Above the board, is supported a programming deck 20 with a series
of spaced holes, extending in a direction from high to low ends in
a series of pairs of holes V,W,X,Y,Z and V',W',X',Y' and Z'. In
these holes are inserted the pins 24 of the ski pivot slide-ball
holder 22. The underside of the pin holder 22 has a pair of round
protruding pins 24 which insert in each pair of the holes, with the
holder always being kept parallel to the front of the skiing board.
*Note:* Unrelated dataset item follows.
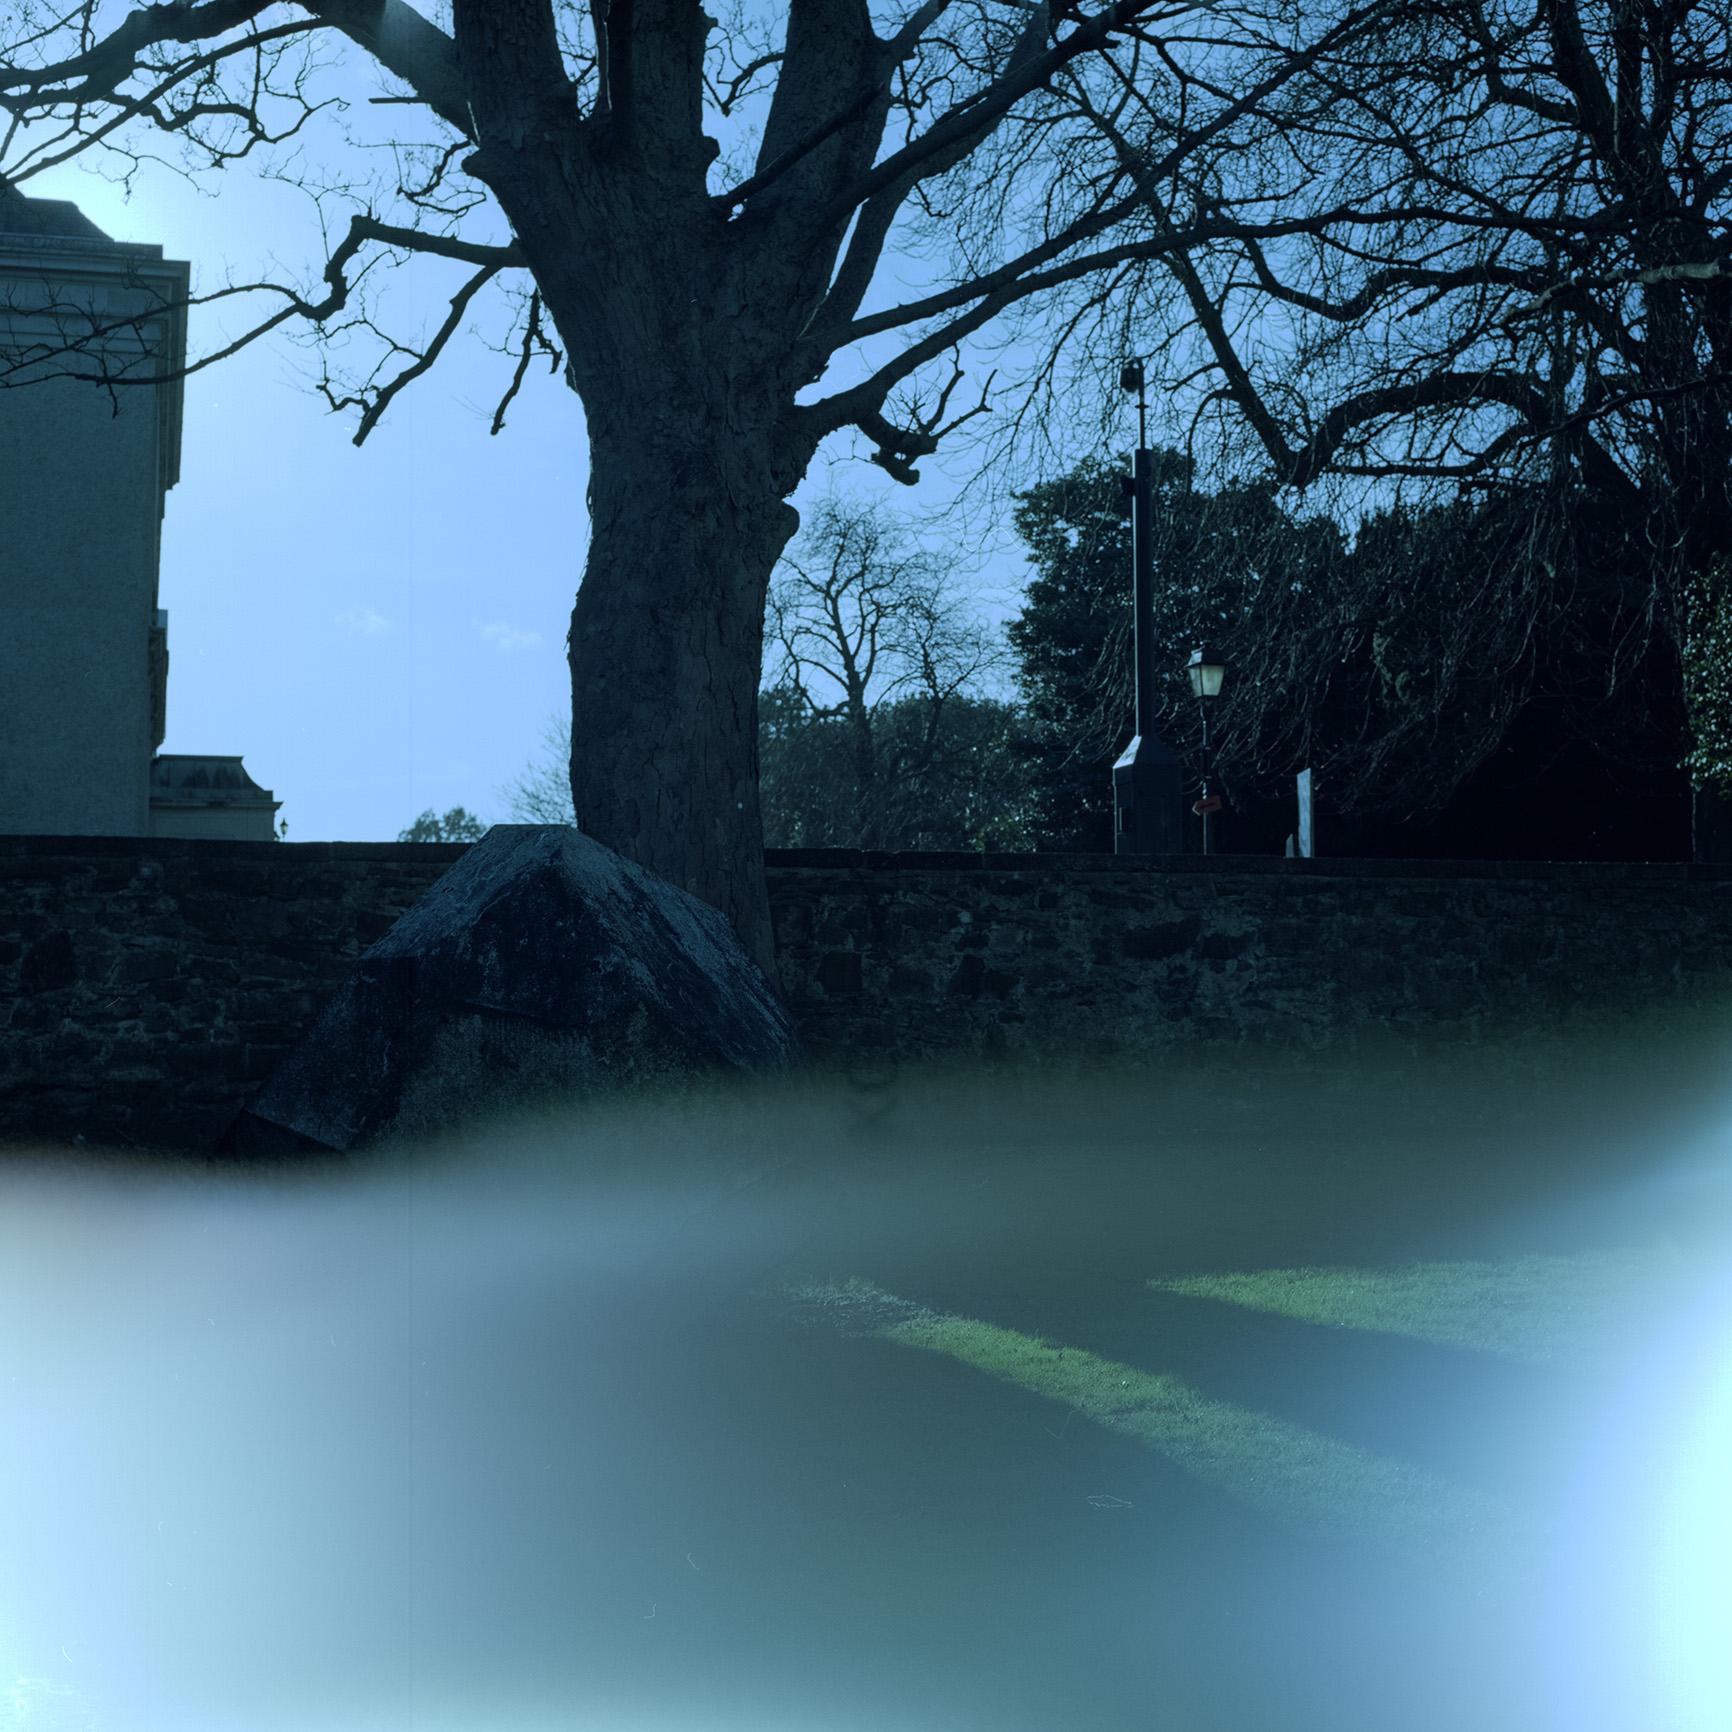 Camera: Hasselblad 500C/M  Film: Kodak New Portra 160  Location: IMMA, Dublin, Ireland

This holder is interchangeable into holes V,V' through Z,Z'. The
lower ends of the underside pins 24 are flush with the underside of
the programming deck, so as to be clear of the swinging ends of ski
carriages. The weight of the operator holds the slide ball holder
in selected holes. Between the programming deck and the skiing
board is erected a bridge 26. A second series 28 of pairs of
programming holes, 1,2,3,4,5 and 1',2',3', 4', 5', run across the
deck, directly above the bridge. These holes are aligned directly
above a corresponding number of holes in bridge 26, (not
shown).
Arranged on the top of this bridge but under the programming deck
20 are the two ski carriages 32, 32'. The carriages are held
between the bridge and deck by two ski carriage pivot pins 34,34' ,
inserted through the deck, through holes in the carriages and then
through the bridge, to rest on the top of the skiing board. These
pins are removed by reaching under the bridge and pushing up. A
series of holes 36,40,42,44,46,48 and 36',40',42',44',46',48', in
each carriage, permit the size of the swing arc of the carriage
ends to be varied, by using these holes as pivot centers. On the
underside of the swinging ends of the carriages are mounted pairs
of skateboard type wheels such as 47, or suitable fixed casters,
wheel type, or ball transfer type, oriented so that each ski
carriage can independently swing in an arc about each carriage
pivot pin. The wheels do not swivel but each wheel must turn
independently on its own axis. On the top side end of each ski
carriage, above the wheels, are fastened carriage ball points
49,49'. These ball-points are slipped into tubular slots 50,50', at
the ski end, thus permitting the two simulated skiis 52,52' to
rotate at this point, as the carriages are swung in arcs. Secured
to the underside of the skiis and running to their other ends are
tubular slotted tracks, 56, which ride on the pivot slide balls.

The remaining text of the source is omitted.